The enhanced iterator initialization function may provide direct access from an AI processor, thereby circumventing a CPU subsystem during data processing operations. In some cases, the AI processor may be a Graphics Processing Unit (GPU) or other specialized AI processing hardware. This direct access configuration may eliminate the need for data to pass through the main CPU, reducing latency and improving overall system performance.

When the AI processor accesses the enhanced iterator initialization function directly, the sampling ratio parameter and seed parameter may be transmitted directly to the dedicated processor without CPU intervention. In some cases, this direct communication path may enable the AI processor to initiate multiple concurrent shuffle operations on identical data without modifying the underlying index or data structures stored in the key-value storage engine.

The dedicated processor may handle the execution of the random permutation over the subset of the dataset while the AI processor continues with other computational tasks. In some cases, this parallel processing approach may allow the AI training workflows to proceed with reduced computational bottlenecks. The dedicated processor may return the randomized permutation results directly to the AI processor, maintaining the direct data path and circumventing the CPU subsystem entirely during the data processing operations.

In some cases, data processing involves arrays of vectors that may be handled through specialized consolidation techniques. When dealing with small to medium-sized datasets that can be accommodated entirely in memory, the key-value storage system may adopt a consolidation approach that differs from conventional data handling methods.

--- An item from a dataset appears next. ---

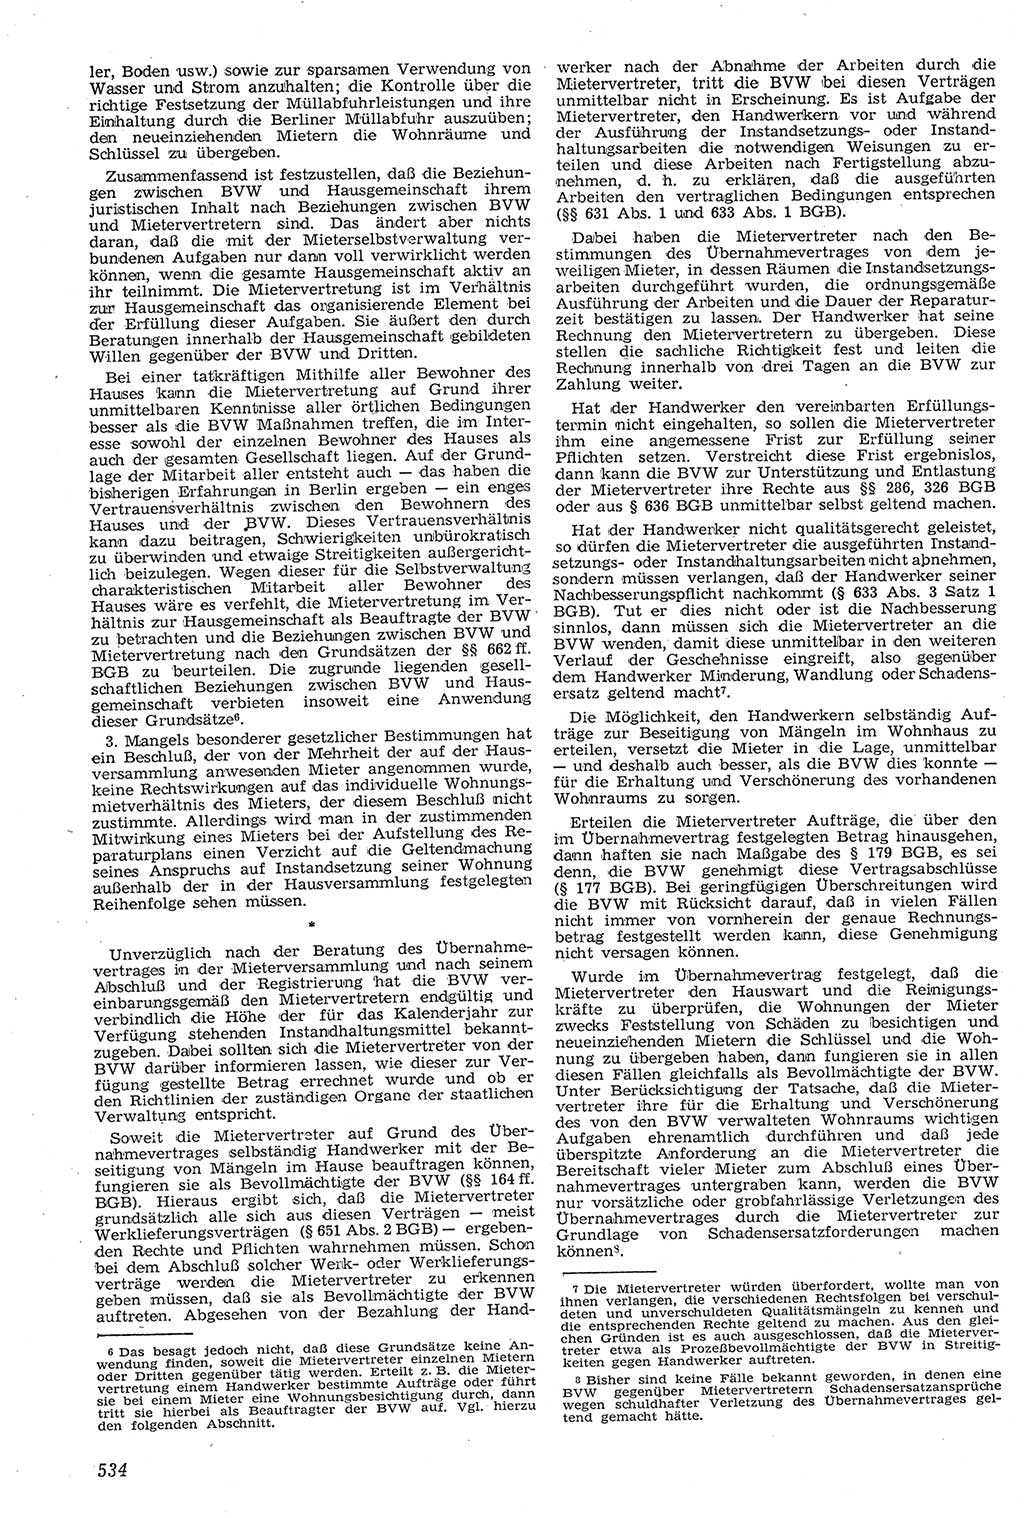 Neue Justiz (NJ), Zeitschrift für Recht und Rechtswissenschaft [Deutsche Demokratische Republik (DDR)], 11. Jahrgang 1957, Seite 534 (NJ DDR 1957, S. 534)

The key-value storage system may consolidate entire arrays of vectors into a single value while retaining internal structure details. This consolidation process allows the system to maintain the organizational integrity of the vector data while presenting the consolidated information as a unified value within the key-value framework. The internal structure details may include vector dimensions, data types, ordering information, and relationships between individual vectors within the array.

In some cases, the system can load all data into memory in a single I/O operation when requested for array-based data processing. This single I/O operation approach may reduce the overhead associated with multiple memory access operations that would otherwise be performed when loading individual vector elements separately. The consolidated structure enables the system to retrieve the entire dataset through one memory access operation, thereby streamlining the data loading process.

Following the single I/O operation loading process, the random permutation algorithm described herein may be applied to the loaded data. The application of the random permutation algorithm to the consolidated vector arrays allows for efficient sampling and shuffling operations to be performed on the in-memory dataset. The permutation operations may be executed on the consolidated data structure while preserving the ability to access individual vector elements as needed for the AI training workflow.

The consolidation approach may be particularly suitable for scenarios where the dataset size allows complete memory accommodation, enabling the system to leverage the benefits of in-memory processing while maintaining the flexibility of the key-value storage paradigm. In some cases, the consolidated vector arrays may be processed using the same invertible hash functions and permutation techniques described for other embodiments of the key-value storage system.